◆ Work item ◆
Skip any pictures. Repeat the data exactly, from its first line through the line that holds "Sarkis Tossoonian wurde", both included.

◆ Data shown ◆
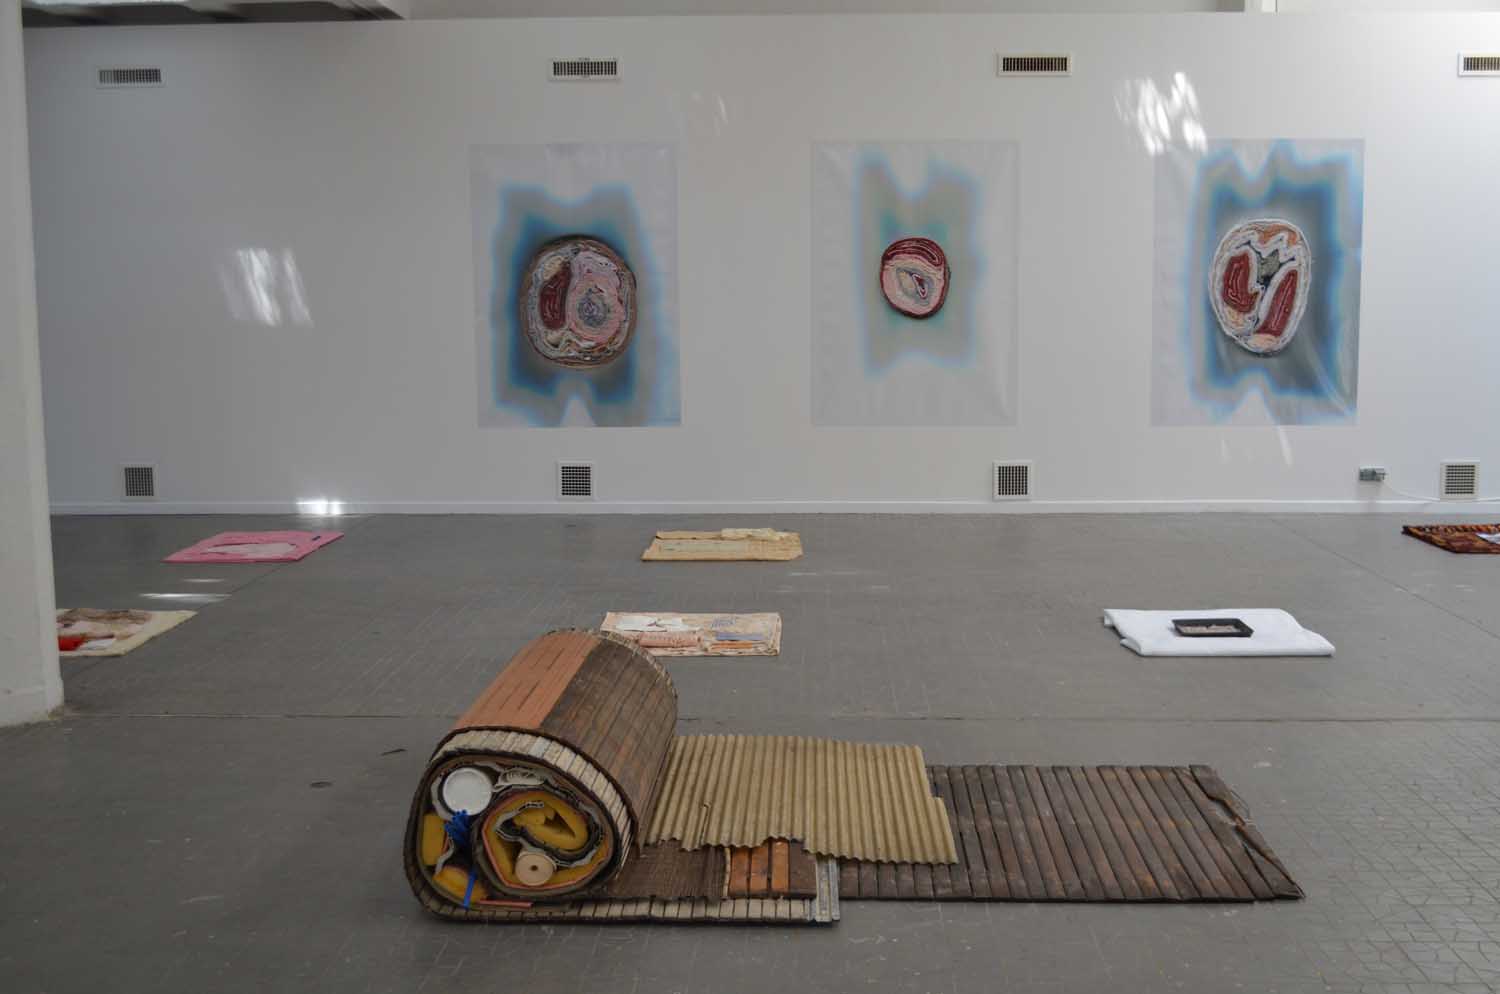 <em>Rouleau</em>, 2014-15  <br>mousse, tuyaux, tissus, papier peint et volets roulants en bois <br>160 x 130 x 60 cm
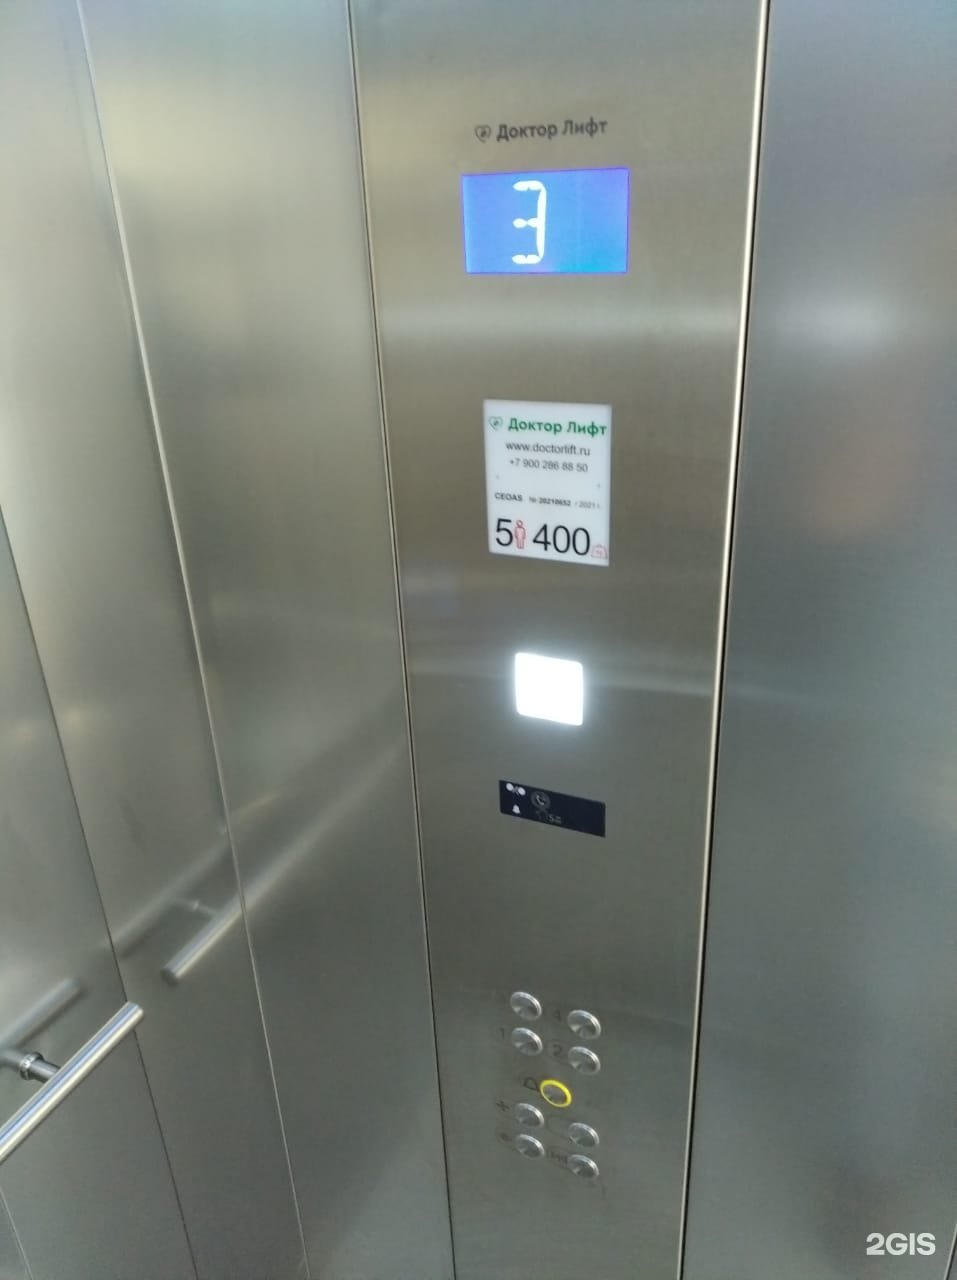 Телефон лифтовой службы. Доктор лифт Сочи. Сервисный лифт. Номер лифтовой компании. Врач в лифте.
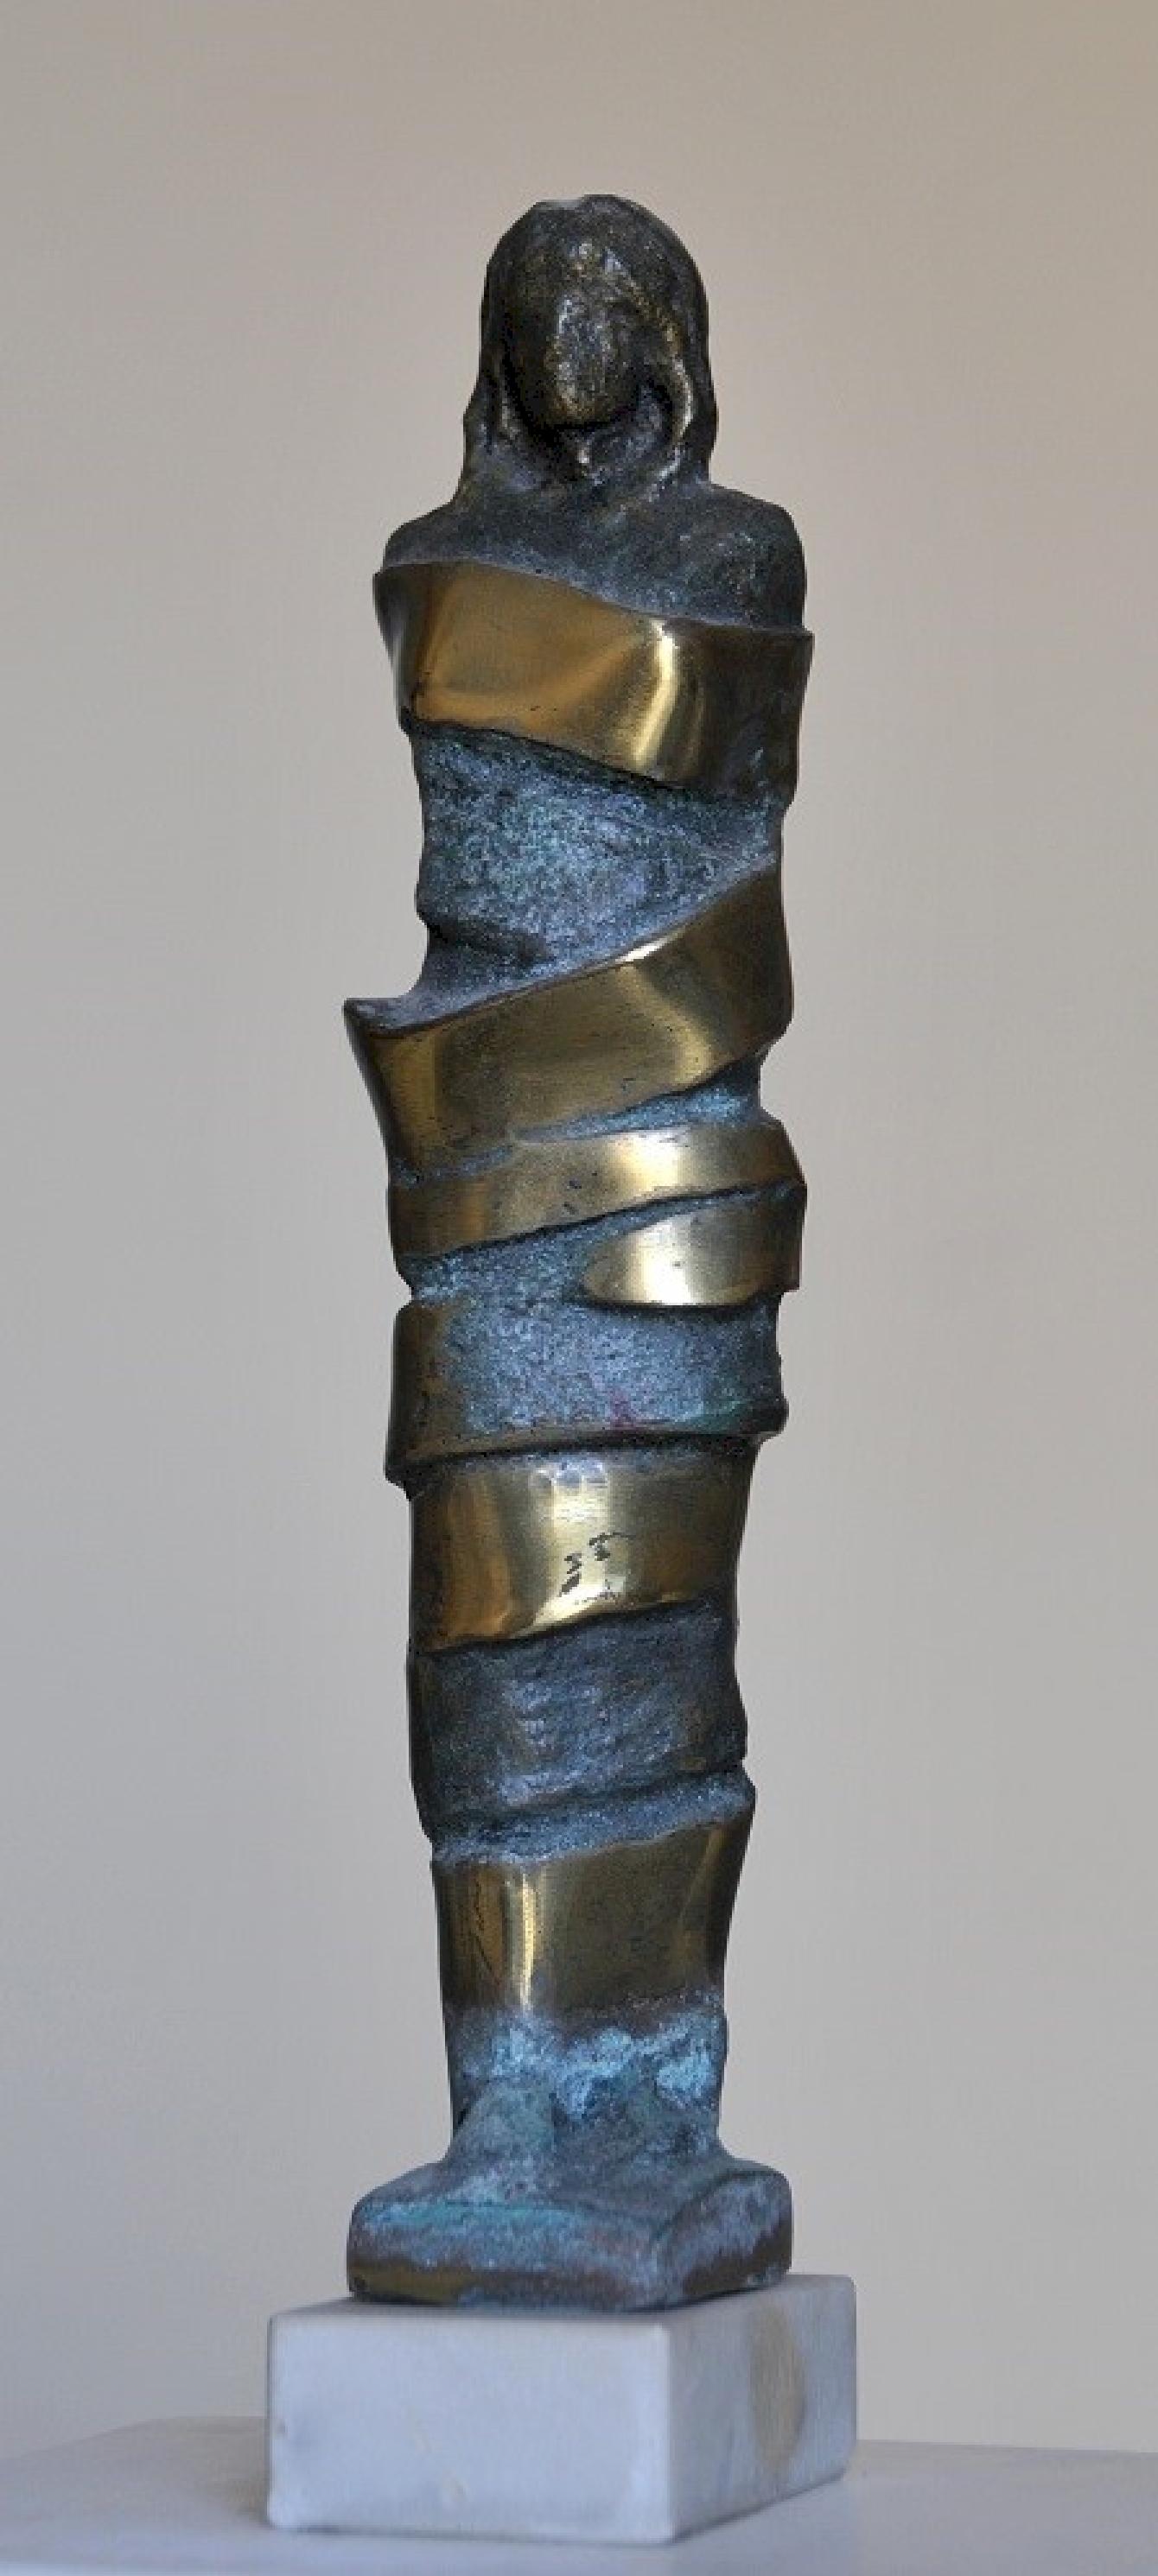 „Bound I“ Bronzeskulptur 13" x 2" x 3" in von Sarkis Tossonian			

Sarkis Tossoonian wurde 1953 in Alexandria geboren. Er schloss sein Studium an der Fakultät für Bildende Künste/Bildhauerei 1979 ab. Seit 1980 und bis heute stellt er in Einzel- und
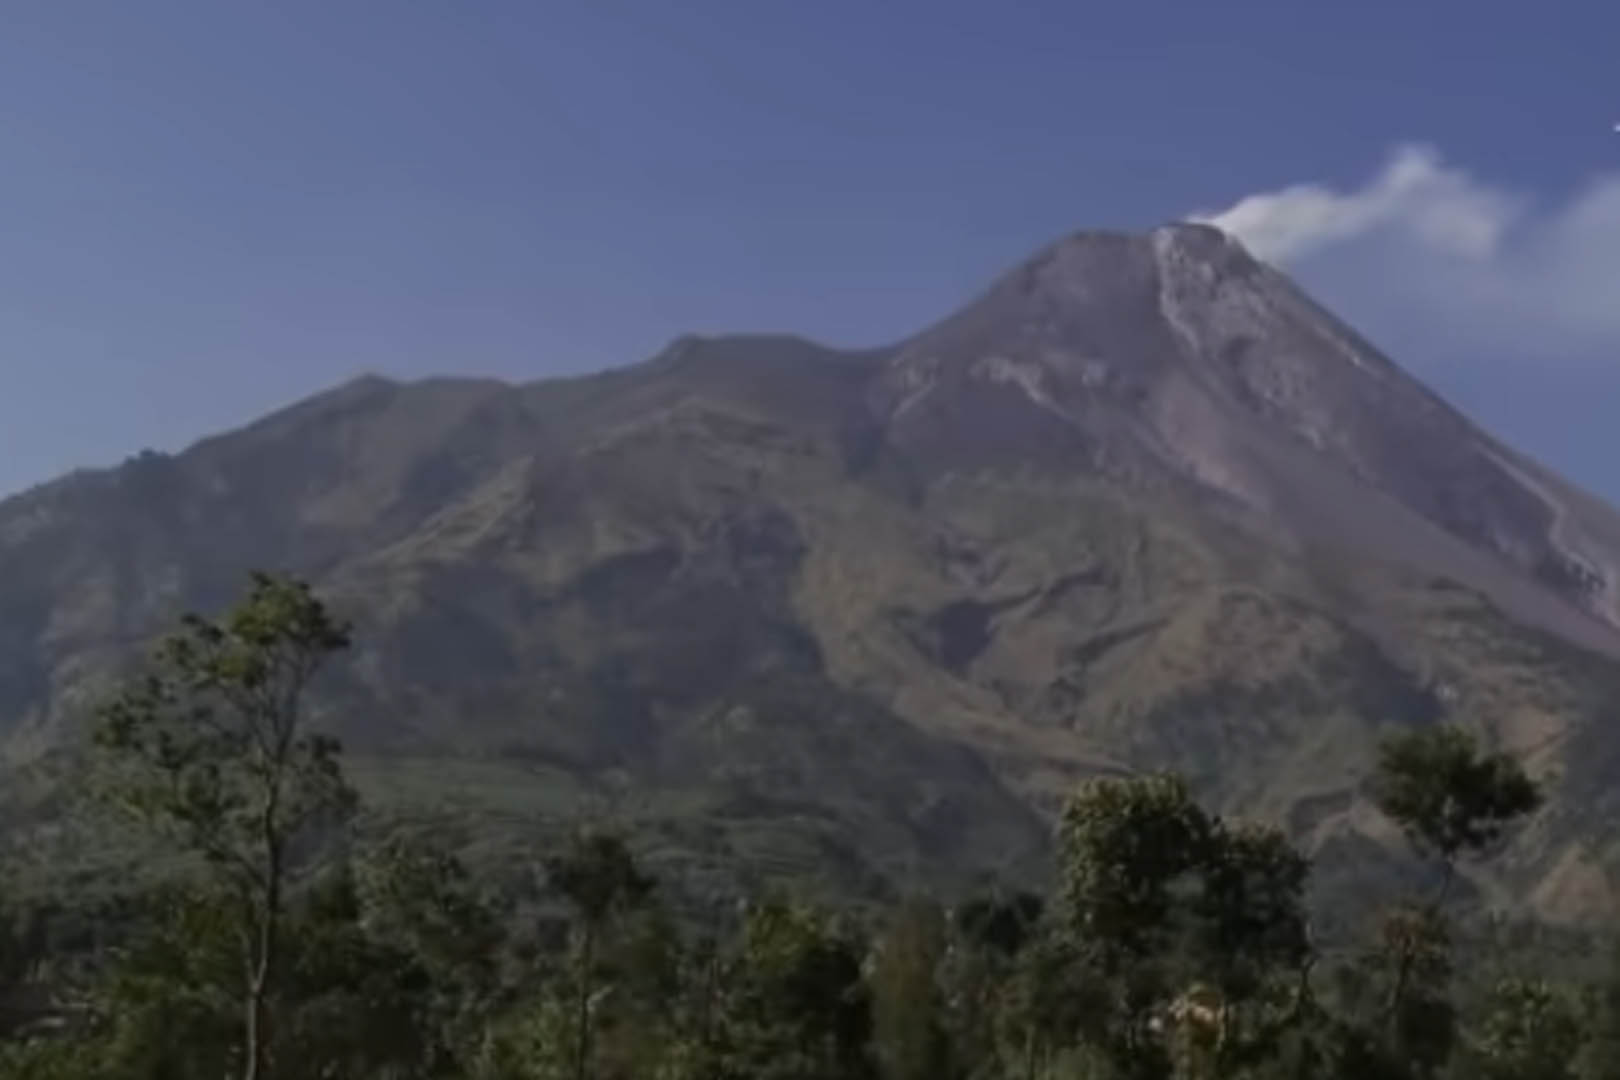 Misteri Dan Asal-Usul Gunung Merapi, Yuk Simak Agar Kamu Mengetahui
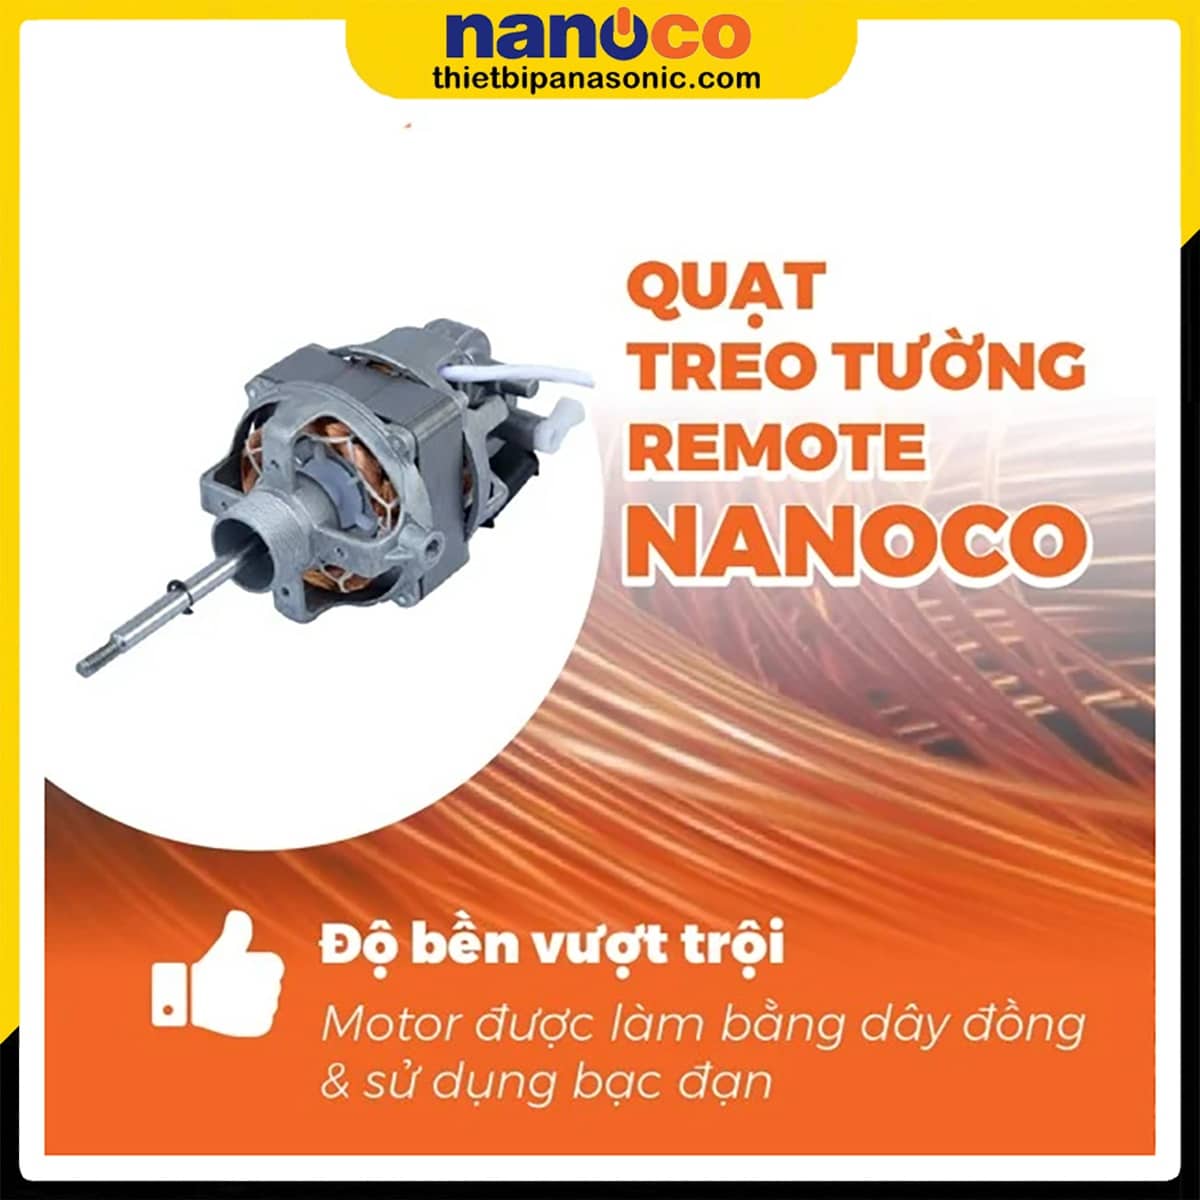 Quạt treo tường Nanoco NWF1610RC-BE có độ bền vượt trội nhờ sử dụng động cơ dây đồng và bạc đạn (vòng bi)

◆ Answer section ◆
 <em>Rouleau</em>, 2014-15  <br>mousse, tuyaux, tissus, papier peint et volets roulants en bois <br>160 x 130 x 60 cm
 Телефон лифтовой службы. Доктор лифт Сочи. Сервисный лифт. Номер лифтовой компании. Врач в лифте.
 „Bound I“ Bronzeskulptur 13" x 2" x 3" in von Sarkis Tossonian			

Sarkis Tossoonian wurde 1953 in Alexandria geboren. Er schloss sein Studium an der Fakultät für Bildende Künste/Bildhauerei 1979 ab. Seit 1980 und bis heute stellt er in Einzel- und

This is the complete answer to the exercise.